Supervisor: Isabel Márquez (isabel@iaa.es)

IAA-CSIC offers a predoc contract in the framework of the Project “Severo Ochoa”. Candidates are expected to carry out their activity in the field of galaxy evolution and cosmology.
The connection between SMBH and their host galaxies is an active field with implications in galaxy evolution. The galactic physical state, including eventual interactions with neighbors, may have an influence on AGN fueling, and hence on the growth of black holes. Conversely, outflows, produced by Active Galactic Nuclei (AGNs) and intense episodes of star-formation (SF), may play a crucial role in regulating (feedback) the stellar mass and SMBH mass growth. In the last decade, the different gas phases of outflows have been widely studied, mostly via observations of long-slit spectroscopy and Integral Field Spectroscopy (IFS). Works aimed to study outflows and feedback in local starbursts and luminous AGNs (e.g.
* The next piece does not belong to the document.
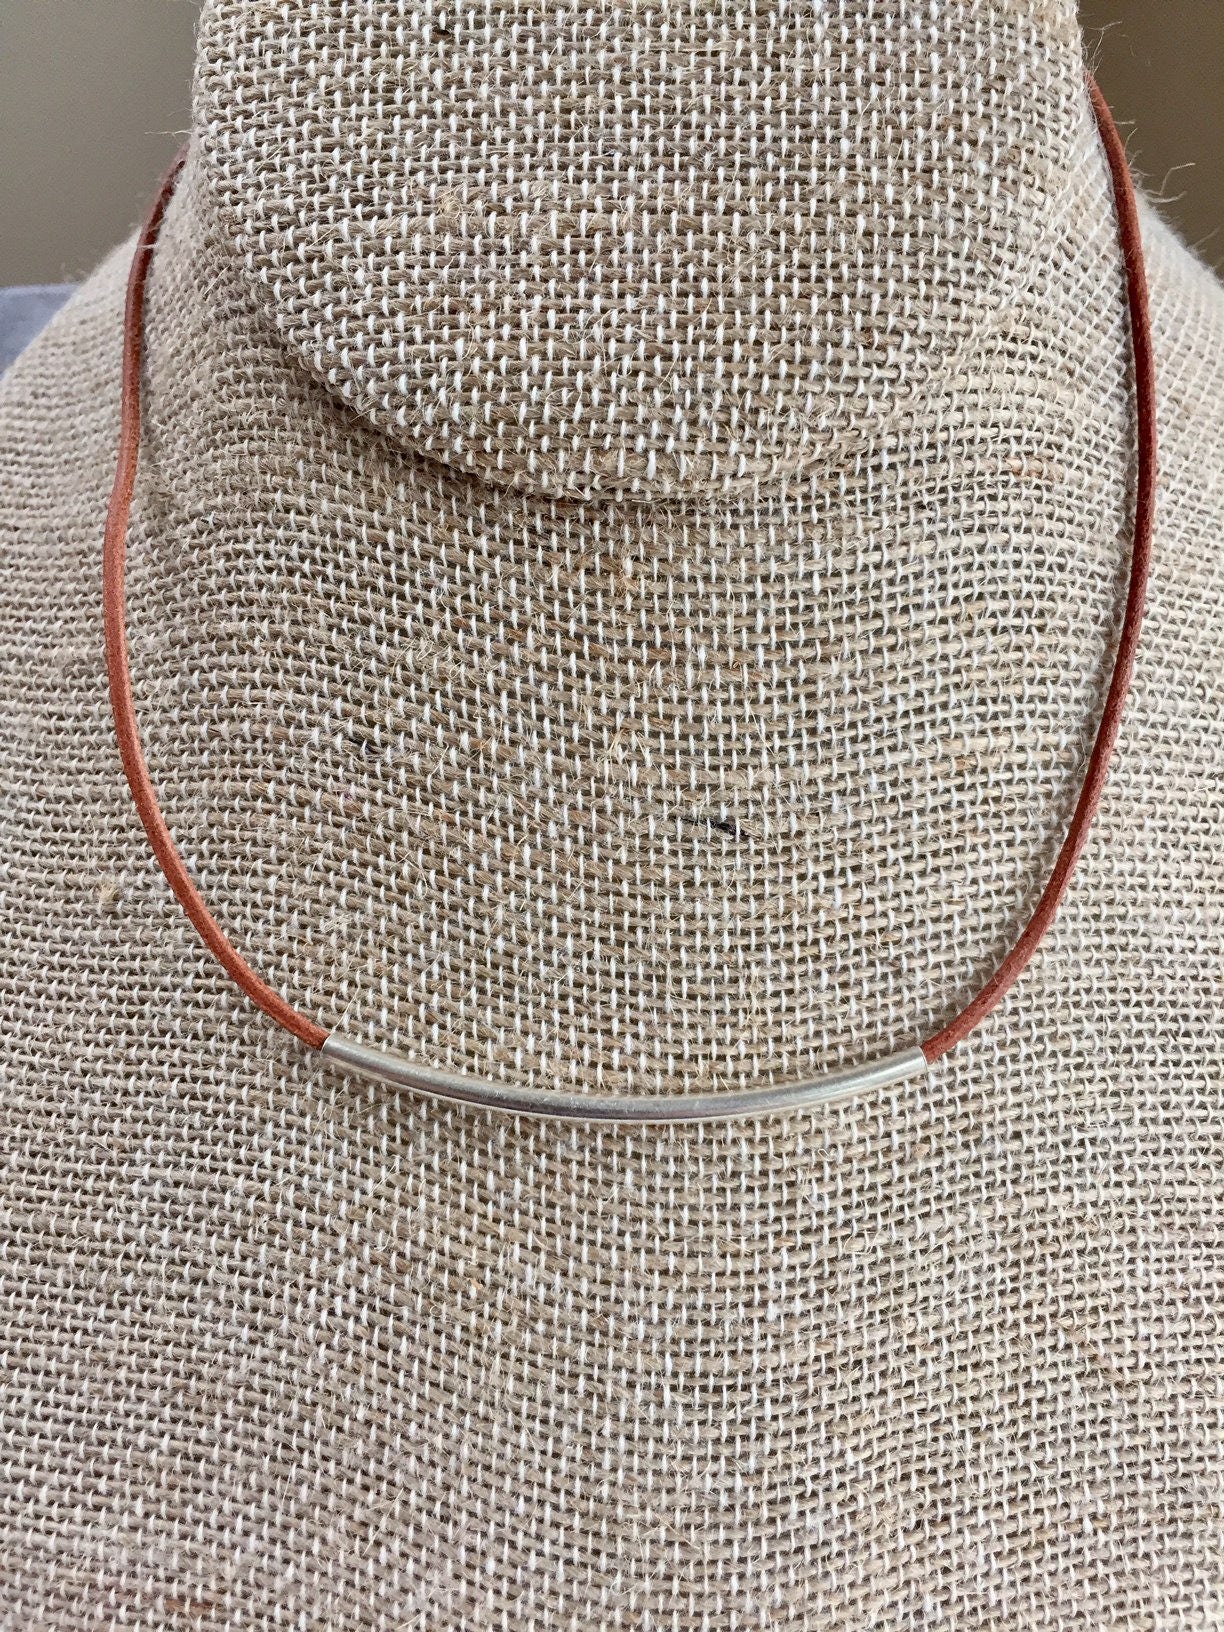 Leather Necklace. Sterling sliver choker necklace with curved tube strung on soft beautiful leather with sterling clasp

Seyferts galaxies) clearly demonstrate the power of the 3D IFS in these studies.
In our group we focus on a special type of low-luminosity AGNs, LINERS (Low Ionization Nuclear Emission-line Regions, Heckman 1980), with a multiwavelength perspective, from X-rays to radio frequencies. LINERs may represent the most numerous type of AGNs in the local Universe. Since they do not generally harbor important SF activity, the interpretation is easier as starbursts provide competing outflow driving mechanisms. Except for individual discoveries, the only systematic studies based on optical long-slit spectroscopy are those by our group. Among the explored LINER population (30 sources), multi-phase outflows seem to be common (60%) in type-1 LINERs. Most of these outflows, spectroscopically identified, show in their HST Hα image a large-scale biconical or bubble-like shape along with evident spatially resolved sub-structures as gas clumps of sizes from 20 to 70 pc.
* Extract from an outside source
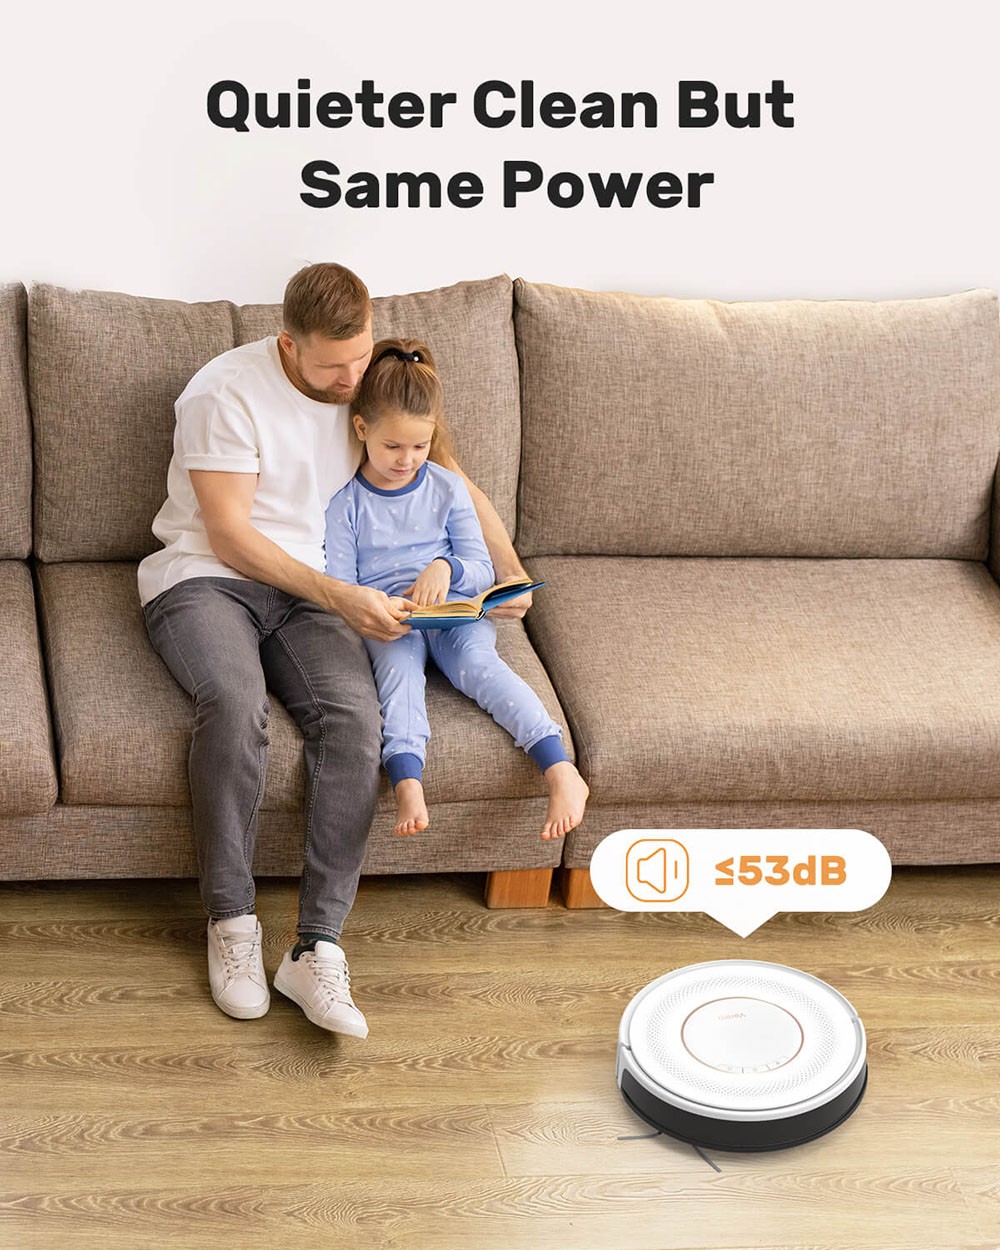 Verefa V60 Pro Robot Vacuum Cleaner, Self Emptying, 3200Pa Suction, 2L Dust Bag, Quiet Cleaning, Smart Navigation 2.0, 150Mins Max Runtime, APP/Remote Control - White

In our team we are using proprietary data from MEGARA together with those from MEGADES, to make a 3D description of multiphase outflows in LINERs, to spatially map and disentangle the gas ionization state and the kinematics of the ionized gas and stellar content. Since this study covers a handful of objects, we are producing an atlas of LINER candidate to host extended ionized-gas emission with high resolution, narrow-band Hα imaging from proprietary ALFOSC@NOT and archival HST, which will virtually double current samples; outflow candidates will be target of 3D spectroscopy to be gathered in the future. Both approaches constitute the core of the a PhD thesis in our group, to be defended in 2022.